The Ever Falling Hp Of The Elio.... :(

[carzes]

My gf had one in germany, just like that one. Brings back memories. It was never a race car but it got the job done on very little gas, which is important at over $5 per gallon, back in the 90's. I'm sure it's much more now. I guess popular wisdom has it we never should have survived merging onto the autobahn with it, but we went all over Europe in the Charade and lived to tell the tale.

 

[D.D.Bwana]

I know of no other country that is so obcessed with acceleration as the US. Maybe because it's all we CAN do without getting a ticket. Although they can still get you for exhibition driving I guess.
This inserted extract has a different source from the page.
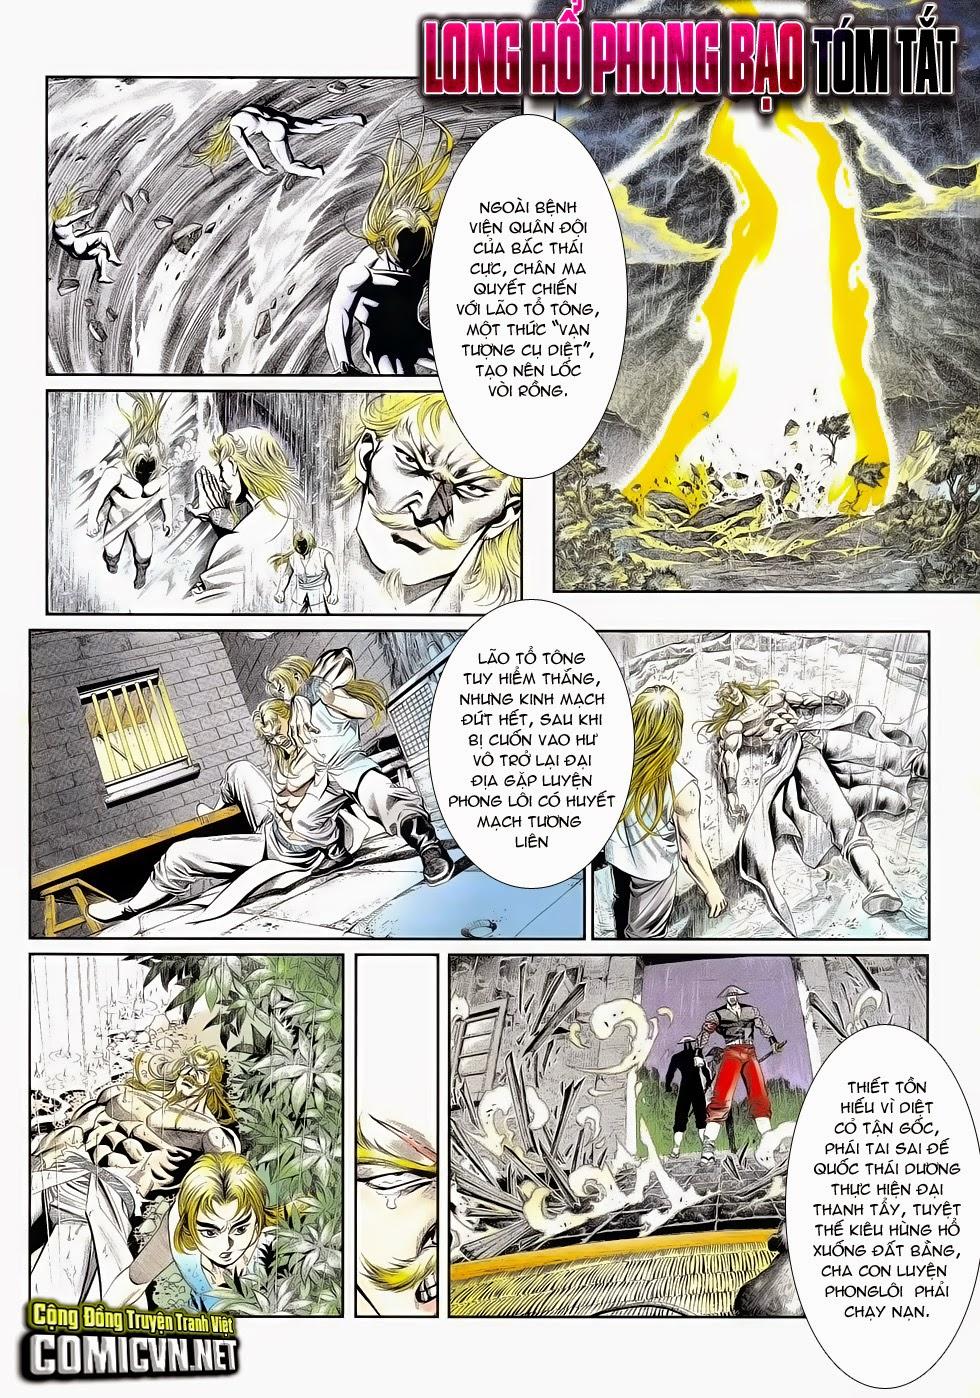 Long Hổ Phong Bạo chap 4 - Trang 2
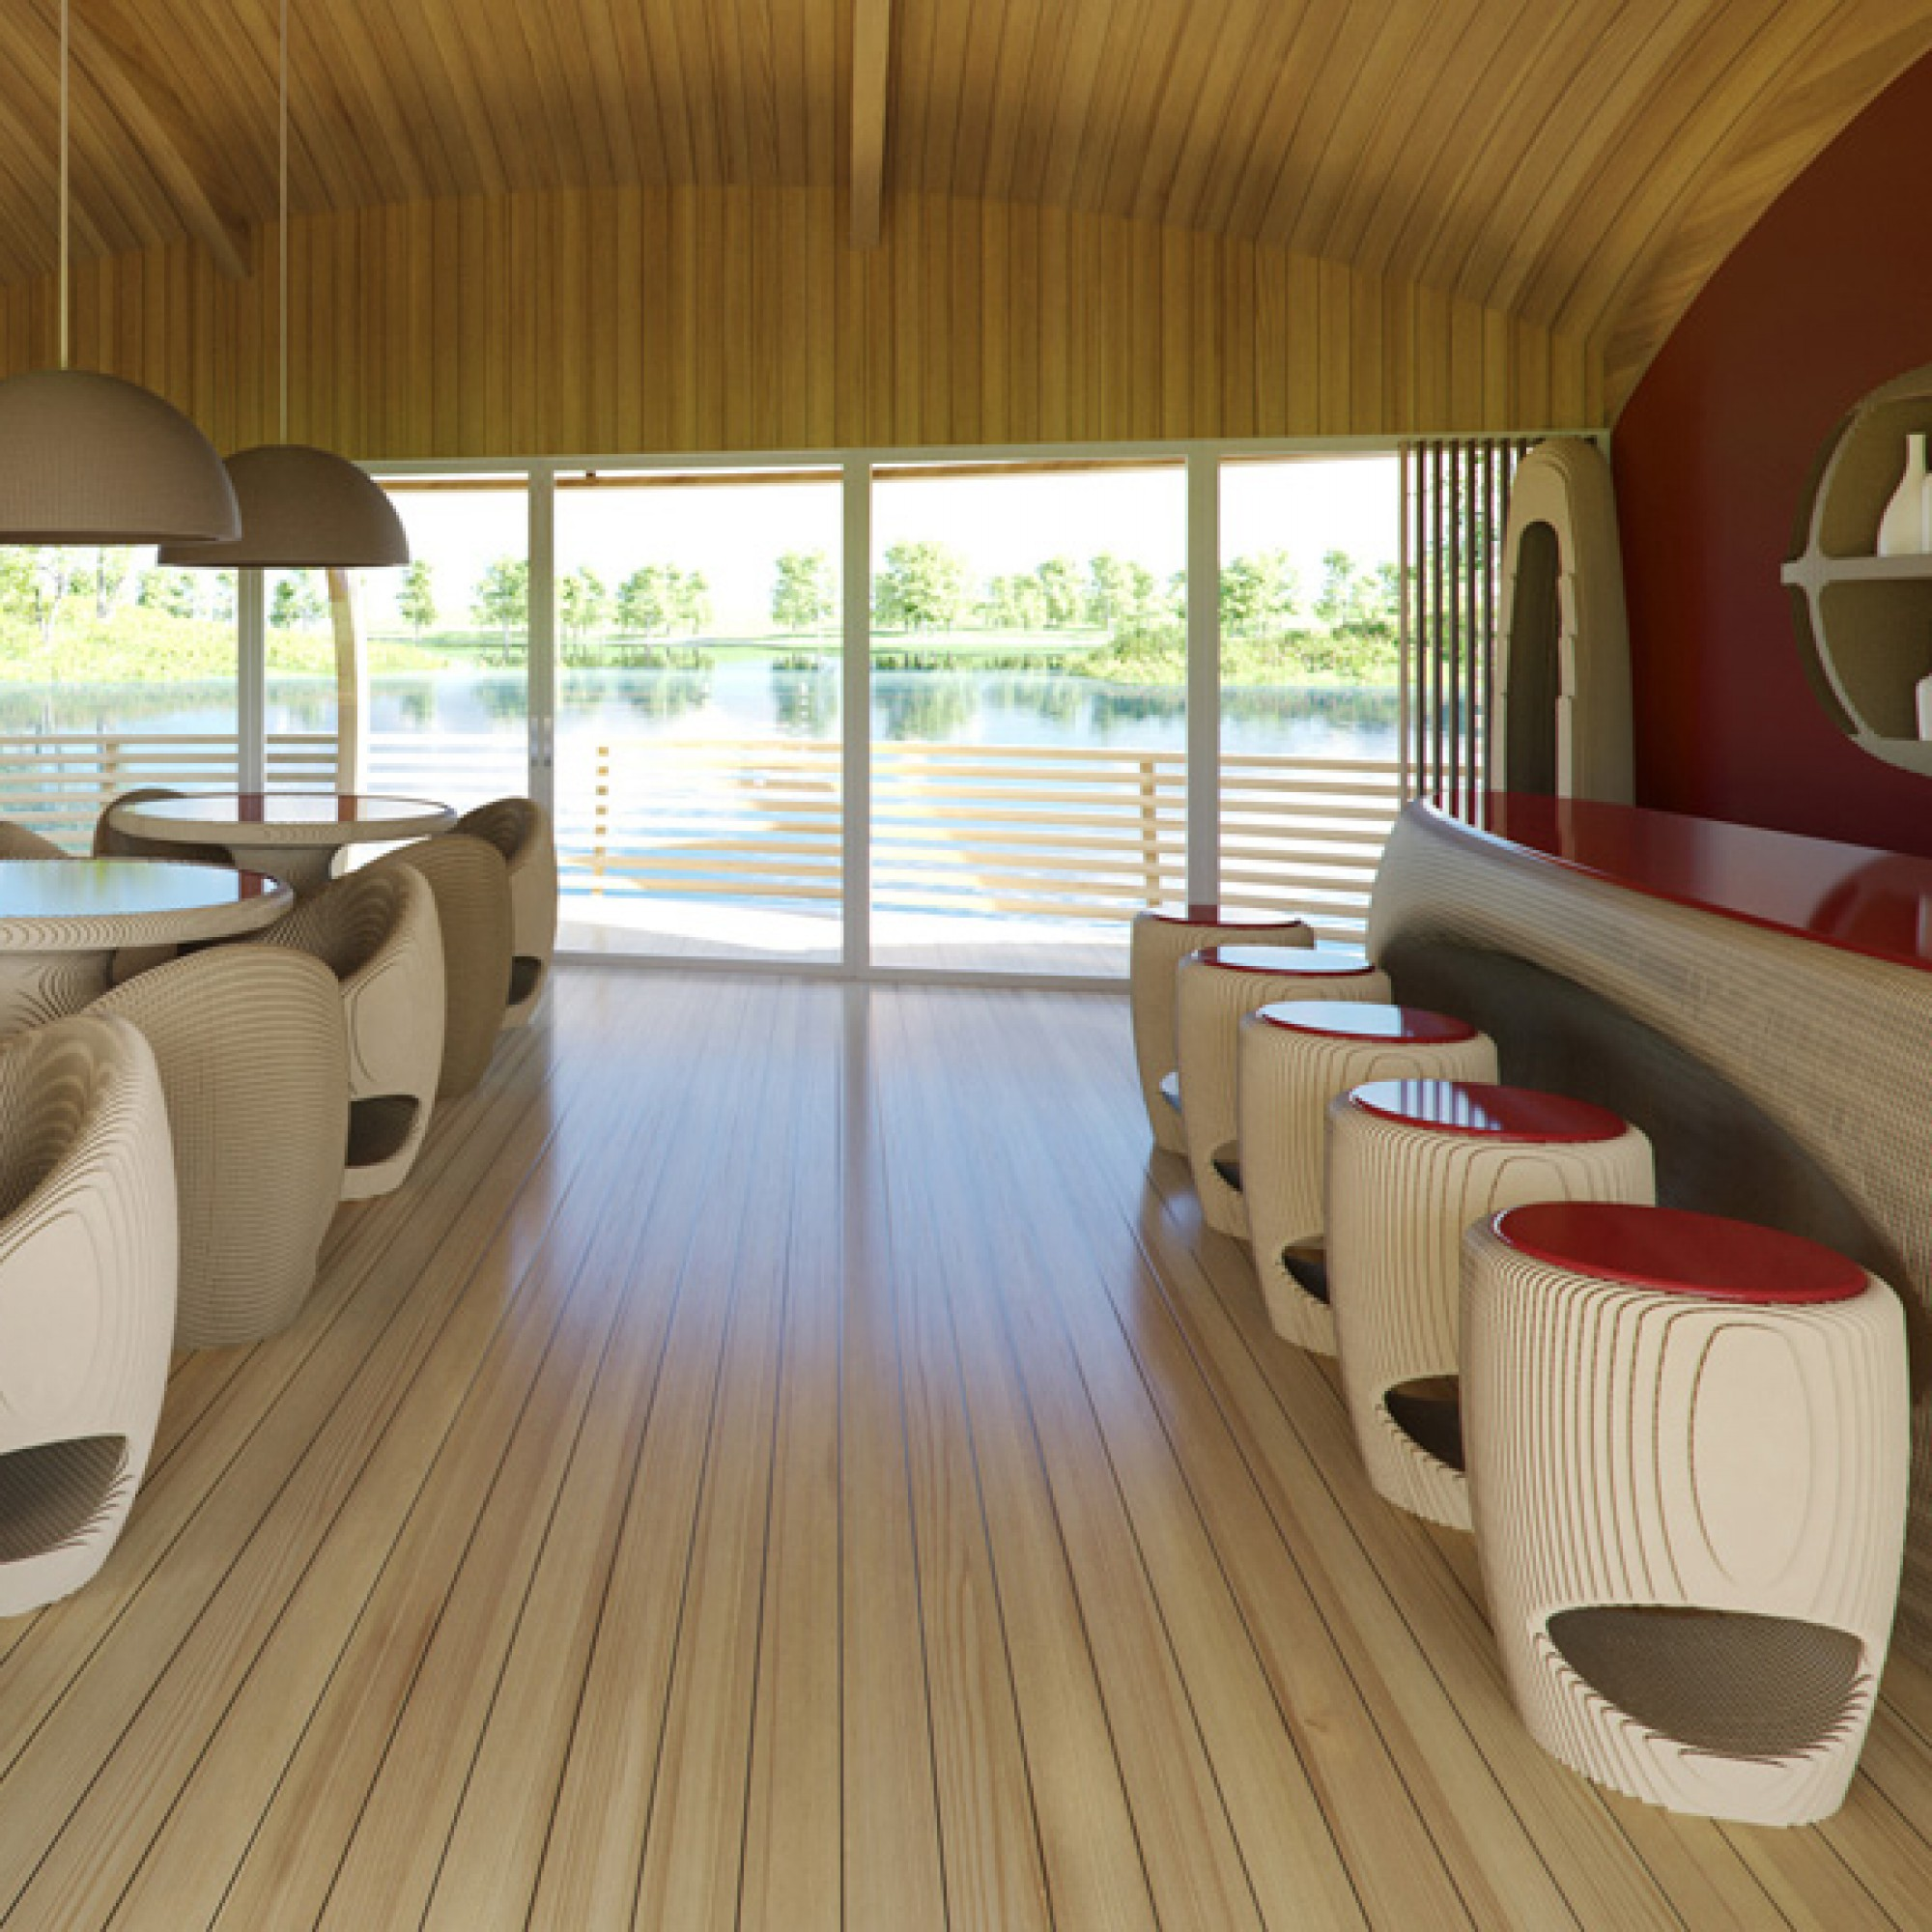 Die Lounge-Variante

I putt along through my daily commute at 55 mph through the multiple speed-traps, dreaming of Germany and the autobahn, and those twisty, exciting back roads through the country. Our roads are mostly arrow-streight and glacial paced. So I GET it. Driving here is NOT fun. It's boring. If not for the pretty scenery I'd have gone comatose years ago from sheer boredom.
But if 'launching' from every red light and flooring the gas at every opportunity is your driving style you won't be getting good mpg. Period.
And the excuse of personal safety to justify every performance spec or option that we WANT is getting tired. My 4-banger pickup does 0-60 in just shy of a week, and I'm NOT going to DIE because of it. No, I don't drive in YOUR city, but I've driven in LOTS of cities and yours is not that eceptional. Millions of cars on the road are NOT rocket ships and somehow we survive the day. As an EMT I have NEVER seen a fatality due to lack of acceleration, but I have seen PLENTY from excessive speed. Sure I can invent some scenario that it COULD happen, then again I can invent some scenario in which you'd die for lack of a can opener, a white rock, and a portable fax machine.

Well said.

 

[Folks]

My gf had one in germany, just like that one. Brings back memories. It was never a race car but it got the job done on very little gas, which is important at over $5 per gallon, back in the 90's. I'm sure it's much more now. I guess popular wisdom has it we never should have survived merging onto the autobahn with it, but we went all over Europe in the Charade and lived to tell the tale.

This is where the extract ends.